Medium-chain acylcarnitine species have been reported to be elevated among subjects with T2DM and in diet-induced insulin-resistant animal models (2, 22, 23, 30, 35). We observed similar levels of medium-chain acylcarnitines and glucose tolerance in the LCHAD-deficient patients compared with controls, so we cannot draw conclusions about relationships between this FAO intermediate and glucose metabolism. Similarly, many reports have observed elevated short-chain acylcarnitines among subjects with T2DM (30, 35). Short-chain acylcarnitines can arise from the catabolism of long-chain fatty acids to shorter chain lengths as well as from various amino acids. Because subjects with LCFAO disorders do not generate short-chain acylcarnitines through oxidation of fats, we considered whether oxidation of alternative substrates that contribute to these metabolites is occurring. The primary alternative substrate is the BCAA. However, we found no difference in BCAA concentrations between the patients with LCHAD deficiency and control subjects. Because the synthesis of short-chain acylcarnitines from BCAA occurs distal to the rate-limiting step in BCAA catabolism, branched-chain α-keto acid dehydrogenase complex, it is possible that this process would not alter circulating concentrations of these abundant amino acids.

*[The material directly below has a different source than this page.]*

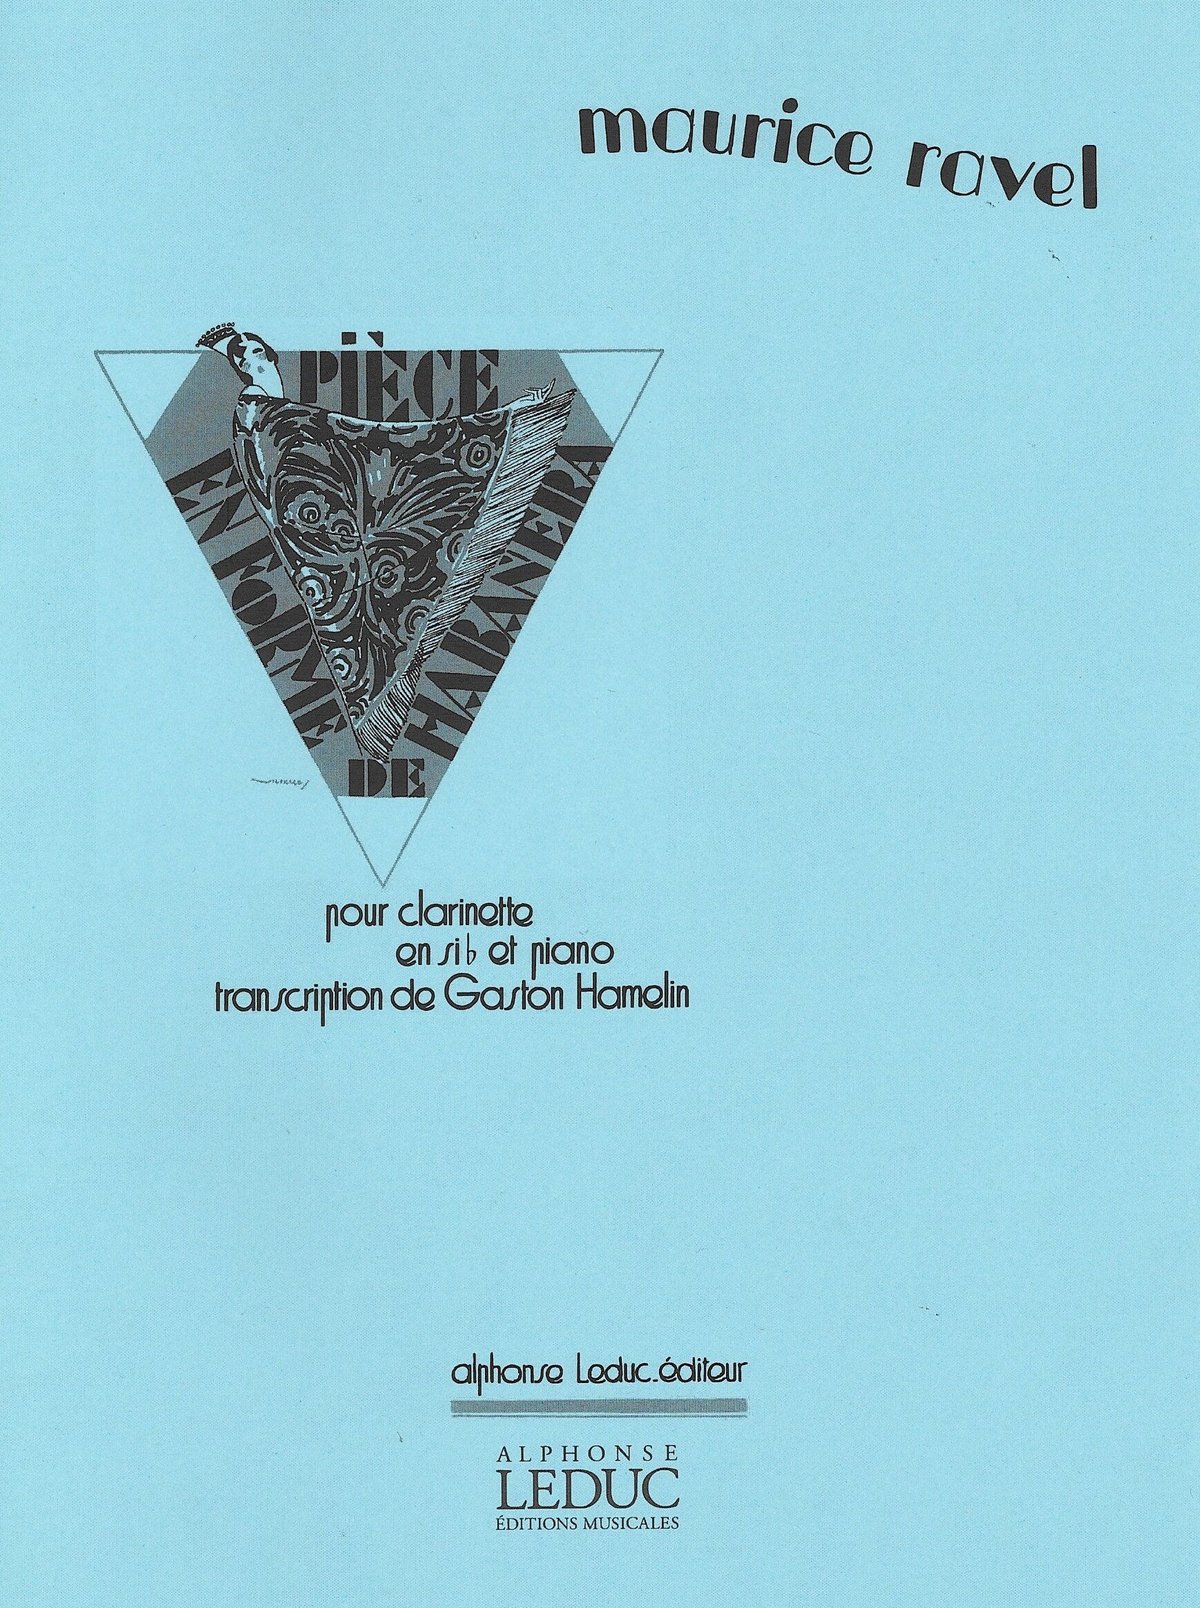 ラヴェル : ハバネラ形式による小品 (ファゴット、ピアノ) ルデュック出版

The current study has several limitations. LCHAD deficiency is very rare, and recruiting and studying subjects is both costly and difficult, resulting in small numbers of study subjects. Knowing this, we chose very sensitive methods to quantify energy expenditure and body composition, including ectopic fat accumulation. To reduce subject burden, though, we relied on parameters derived from an oral glucose tolerance test to estimate insulin sensitivity and secretion. It is possible that, with more direct measurement techniques, such as the hyperinsulinemic-euglycemic clamp or using muscle tissue derived from biopsy samples, subtle differences in insulin sensitivity could have been detected between the patients and controls. In addition, all subjects with LCHAD deficiency were treated with a fat-restricted diet and sufficient calories from carbohydrates to prevent metabolic decomposition, although the control subjects were not required to adhere to a similar diet. By studying the LCHAD subjects on a low-fat diet, our patients avoided a dietary fat challenge that would be potentially needed to sufficiently “stress” mitochondrial function and result in the accumulation of intermediate products of FAO (e.g., DAGs, BCAAs) and IMCL that would predict insulin resistance. However, a high-fat diet is contraindicated in these patients because of high risk for hypoglycemia and rhabdomyolysis. In addition, our patient group demonstrated significantly impaired fat oxidation, even in the fasting state, as evidenced by verified clinical symptomatic episodes of hypoglycemia and rhabdomyolysis, lower fat substrate oxidation, and markedly elevated long-chain acylcarnitines than controls; yet, no differences in fasting glucose or insulin levels were detected. Another confounding factor could be an adaptive response in glucose metabolism among patients dependent upon glucose for energy production, but no data on this possible difference is currently available.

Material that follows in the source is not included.